Et voici la première journée à 5 films de mon séjour. Sils Maria, d'Olivier Assayas, est une divine surprise. Je n'aime pas d'habitude les films de ce réalisateur, mais ici force est d'admettre que tout est bon : les actrices (Juliette Binoche, Kristen Stewart, Chloe Grace Moretz), la mise en scène et le scénario. Il ne manque pas grand-chose pour qu'on puisse évoquer Bergman - et la Palme d'or. Je craignais ensuite la projection (2h21 !) de Léviathan, d'Andrey Zvyagintsev, et je me trompais : les paysages de Sibérie sont magnifiques, le tableau de la Russie profonde saisissant et l'évolution des personnages intéressante. Contre toute attente, le film est aussi (parfois) drôle.

Passage ensuite à la Semaine de la Critique, pour voir Hippocrate, du médecin/cinéaste Thomas Lilti. Nous sommes ici dans du cinéma populaire, filmé comme un téléfilm. Le réalisateur montre les réalités de ce dur métier (le manque de moyens, les difficultés des débutants) sur un mode social assumé. Tout y est un peu surligné, et comme le film aborde beaucoup de sujet (droit à mourir dans la dignité, erreur médicale, conditions de vie des internes...), cela fait un peu trop de couleurs. On enchaîne avec The tribe, LE film qui a fait le buzz sur la Croisette cette semaine et qui a rafflé tous les prix à la Semaine de la Critique. Ukraine : un pensionnat de jeunes sourds-muets qui volent, se prostituent, se battent. En langue des signes et sans sous-titre. C'est hyper-violent, parfois à la limite de la complaisance, pour un scénario finalement classique, avec des partis-pris esthétiques radicaux qui ne m'enthousiasment pas. Je reviendrai en détail sur ce film marquant.

Je rends ensuite visite à la section ACID pour son dernier soir : New territories, de Fabianny Deschamps, est une rêverie un peu compliquée basée sur un fait divers étonnant. En Chine, des hommes et femmes disparaissent et leurs corps sont vendus à des familles en lieu et place d'êtres chers, pour être brûlé. La crémation est en effet obligatoire, mais les valeurs chinoises ne la recommande pas, l'âme du mort pouvant alors errer éternellement. Je n'accroche pas à l'univers de la réalisatrice qui utilise des voies trop tortueuses pour moi.

 

22 mai

Ce matin démarrage en douceur avec une vieille connaissance, Ken Loach, qui nous livre dans Jimmy's hall le même genre de ritournelle que dans Le vent se lève dont on peut considérer en un sens qu'il est la suite. C'est sympathique, académique, irlandais, et oublié aussitôt vu.

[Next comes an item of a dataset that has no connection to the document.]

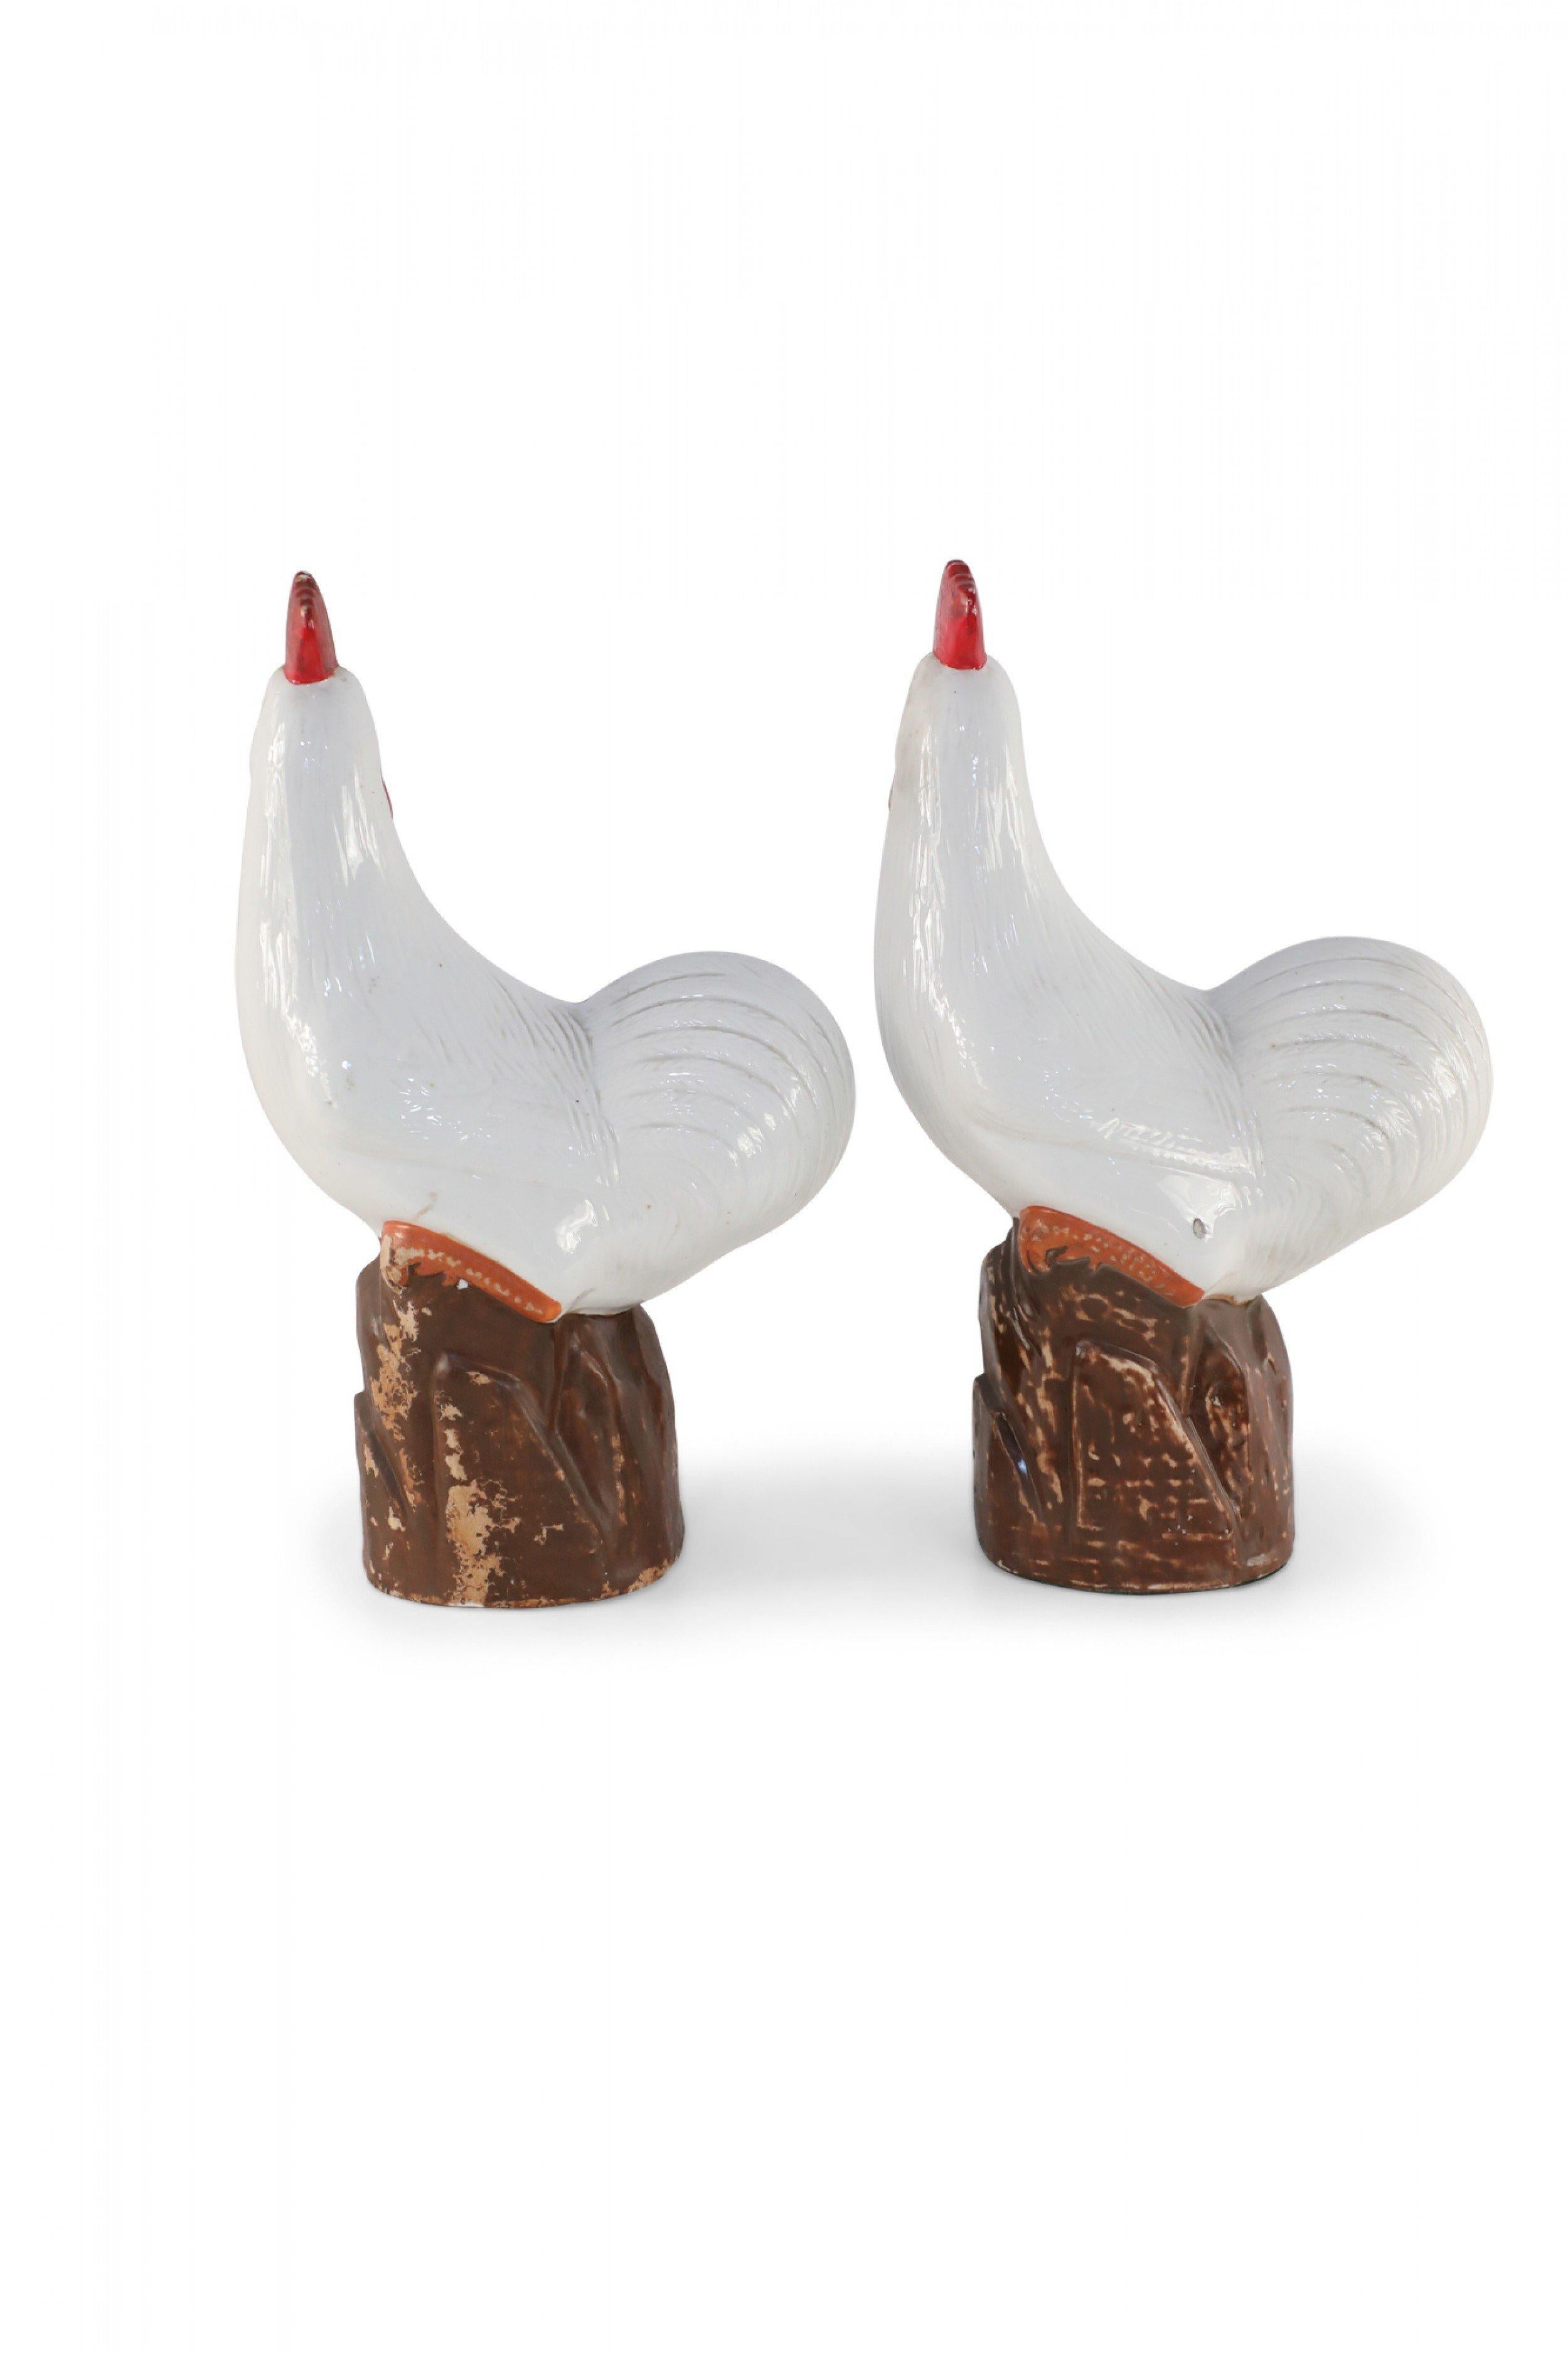 Pair of Chinese Mid-Century White Porcelain Chickens For Sale 3

Je passe l'après-midi dans la salle Debussy à Un certain regard. Je vois d'abord L'incomprise, d'Asia Argento, dont le thème est classique : le quotidien d'une enfant de 9 ans que ses deux parents délaissent. C'est le traitement ici qui est original, avec un petit côté trash assumé. La jeune actrice est superbe, et Charlotte Gainsbourg joue très bien une mère égoïste et inconséquente. Je repense au petit garçon de The search : pourquoi ne pas donner les prix d'interprétation à des enfants cette année ? Dans la foulée, Charlie's country est un joli film australien, qui ne tient là encore que par la performance de son acteur principal. Le film nous fait pénétrer dans la lancinante question aborigène : intéressant.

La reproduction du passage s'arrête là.